Afterwards they managed to pick up the track again, and with a march of nearly 10 miles for the day prospects brightened a little; but on the next morning they had to labor upon a surface that was coated with a thin layer of woolly crystals, which were too firmly fixed to be removed by the wind and caused impossible friction to the runners of the sledge. 'God help us,' Scott wrote at mid-day, 'we can't keep up this pulling, that is certain. Amongst ourselves we are unendingly cheerful, but what each man feels in his heart I can only guess. Putting on foot-gear in the morning is getting slower and slower, therefore every day more dangerous.'

No relief whatever to the critical situation came on Monday, March 4, and there was in fact little left to hope for except a strong drying wind, which at that time of the year was not likely to come. At mid-day they were about 42 miles from the next depôt and had a week's food; but in spite of the utmost economy their oil could only last three or four days, and to pull as they were doing and be short of food at the same time was an absolute impossibility. For the time being the temperature had risen to - 20°, but Scott was sure that this small improvement was only temporary and feared that Oates, at any rate, was in no state to weather more severe cold than they were enduring.

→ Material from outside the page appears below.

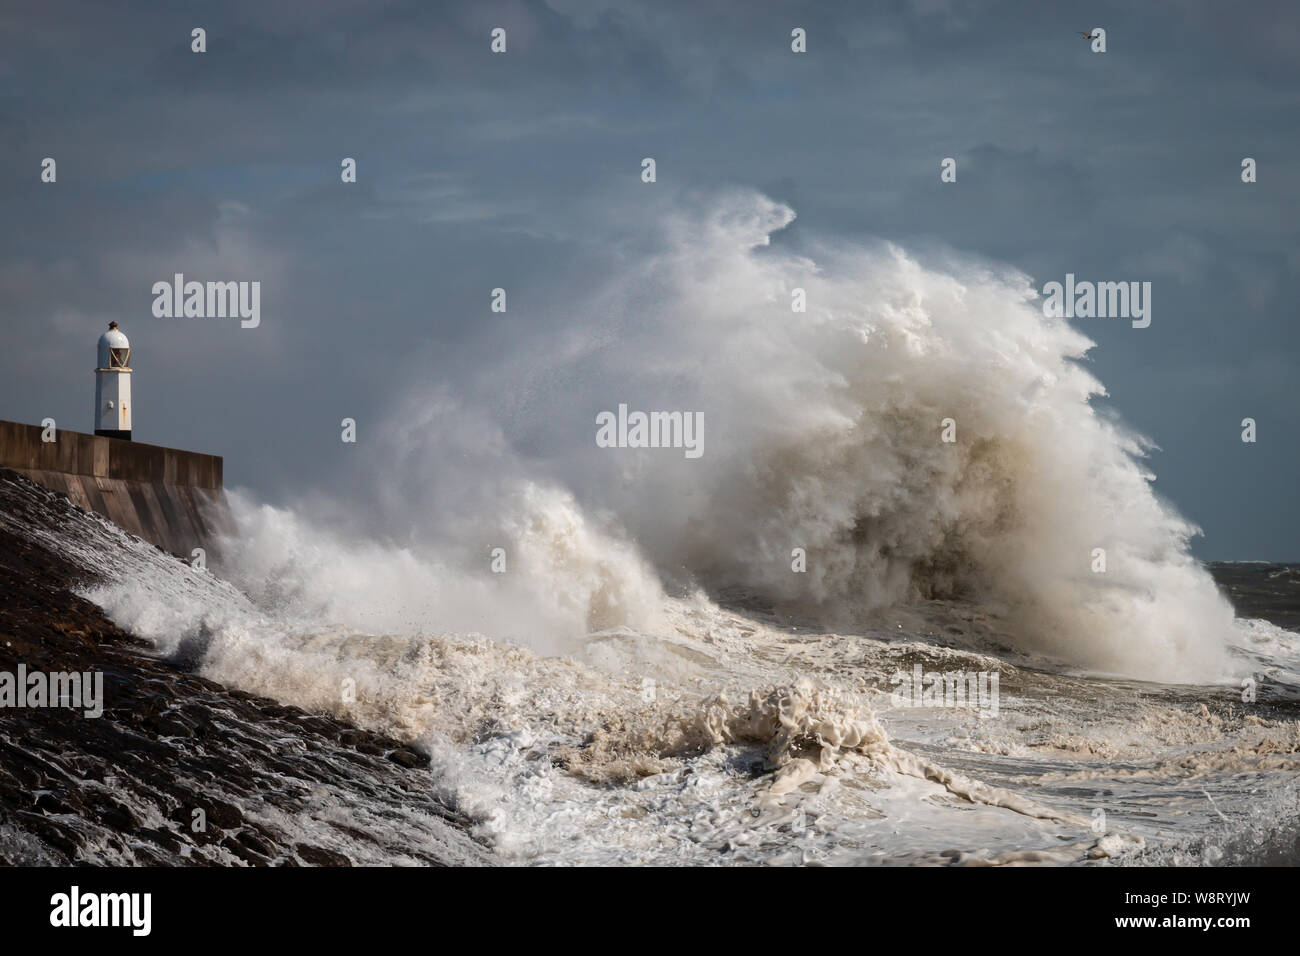 Enormi onde accanto a un faro su un giorno di tempesta (Porthcawl, Wales, Regno Unito) Foto Stock

And hanging over all the other misfortunes was the constant fear that if they did get to the next depôt they might find the same shortage of oil. 'I don't know what I should do if Wilson and Bowers weren't so determinedly cheerful over things.'

And it must in all truth have been as difficult as it was heroic to be cheerful, for weary and worn as they were their food needed such careful husbanding, that their supper on this night (March 4) consisted of nothing but a cup of cocoa and pemmican solid with the chill off. 'We pretend to prefer the pemmican this way,' Scott says, and if any proof was needed of their indomitable resolution it is contained in that short sentence. The result, however, was telling rapidly upon all of them, and more especially upon Oates, whose feet were in a terrible condition when they started to march on the morning of the 5th. Lunch-time saw them within 27 miles of their next supply of food and fuel, but by this time poor Oates was almost done.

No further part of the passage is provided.